SLC guidance on the Green Deal

Under the Governments Green Deal home owners and tenants are able to borrow money in order to make environmental improvements to their properties.

The measures must pay for themselves in the economic lifetime of the measure, with the loan repayable via their electricity bills.

The cost of these improvements will remain with the property even if the people taking the Green Deal sell the property.

Mike Ockenden, of the SLC explained what the process will mean for conveyancers: “There is effectively no charge in terms of security on the property in respect of the Green Deal. There is no record at the Land Registry.

“But there is an obligation that says the person that the bill payer at the property must pay for the loan.

“If you are becoming a new tenant or purchasing a property where a Green Deal exists then by buying the property you will become obligated to pay back the loan through your energy bill, regardless of whether you change providers.”

Mr Ockenden explained that the only way you would know about the obligation is through the register of Energy Performance Certificates (EPC) where the existence of the deal would be notated at the bottom of page one.

If a deal is in place then the fifth page of the EPC will provide further details.

But what impact will this have?

Mr Ockenden added: “It’s our belief that consumers won’t purchase a property with an outstanding loan agreement on it. They would expect the vendor to pay it off.

“The concern is making sure any perspective buyers know about the deal and the vendors understand the obligation they have to disclose the existence of the deal.

“Whilst the logic in the Civil Service says of course you would know, I can think of many circumstances where it wouldn’t be the first thing on your mind if you are selling your property.”

Mr Ockenden explained that DECC are producing a “Property Practitioners Guide” to the Green Deal which will basically set out what is in statute and what the obligations are.

He explained that in order for lawyers to discharge their responsibilities to their clients and not to be found negligent they will have to identify if there is a Green Deal.

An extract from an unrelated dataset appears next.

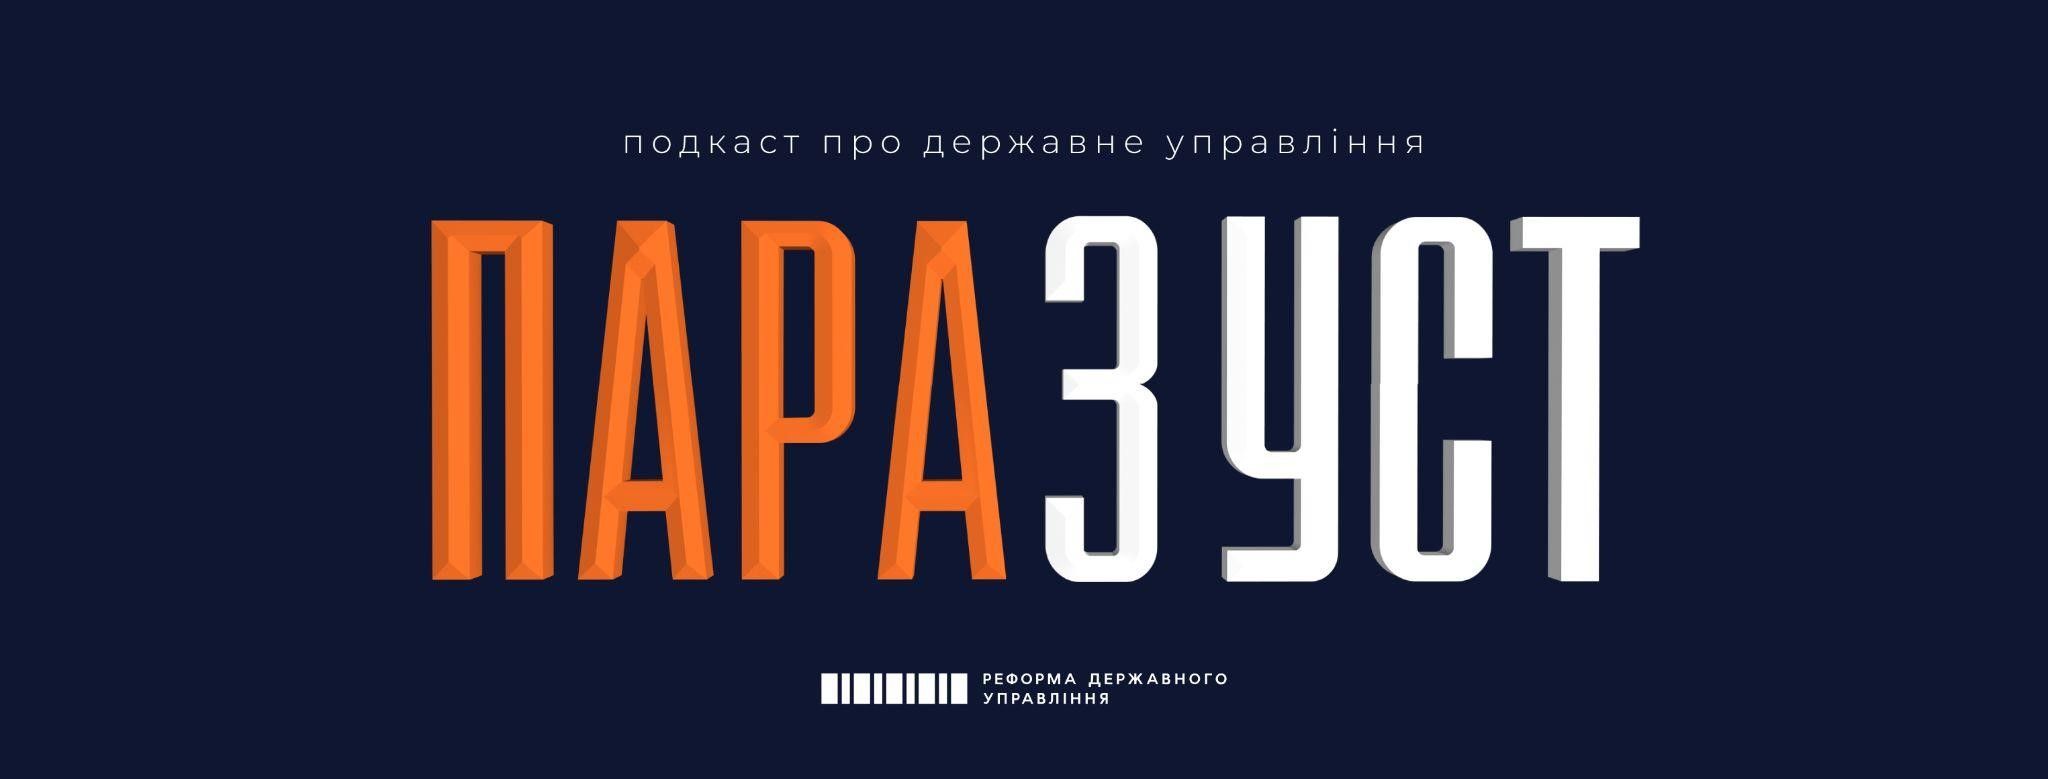 В Україні запустився подкаст про державні інституції «Пара з уст»

He said that procuring page one of the EPC will become a standard part of the process.

The guidance the SLC will be issuing to its members will say that when representing the vendor they should also get page one of the EPC.

How big an impact will this have on the process?

Mr Ockenden said: “The EPC can be viewed online without charge, although obviously there is a process cost involved. I imagine many conveyancers will let the search provider get this for them as part of the standard set of searches they apply for.

“If there is a Green Deal then you enter into the whole issue of advising on it. “I think the purchasers will just ask for the loan to be paid off.”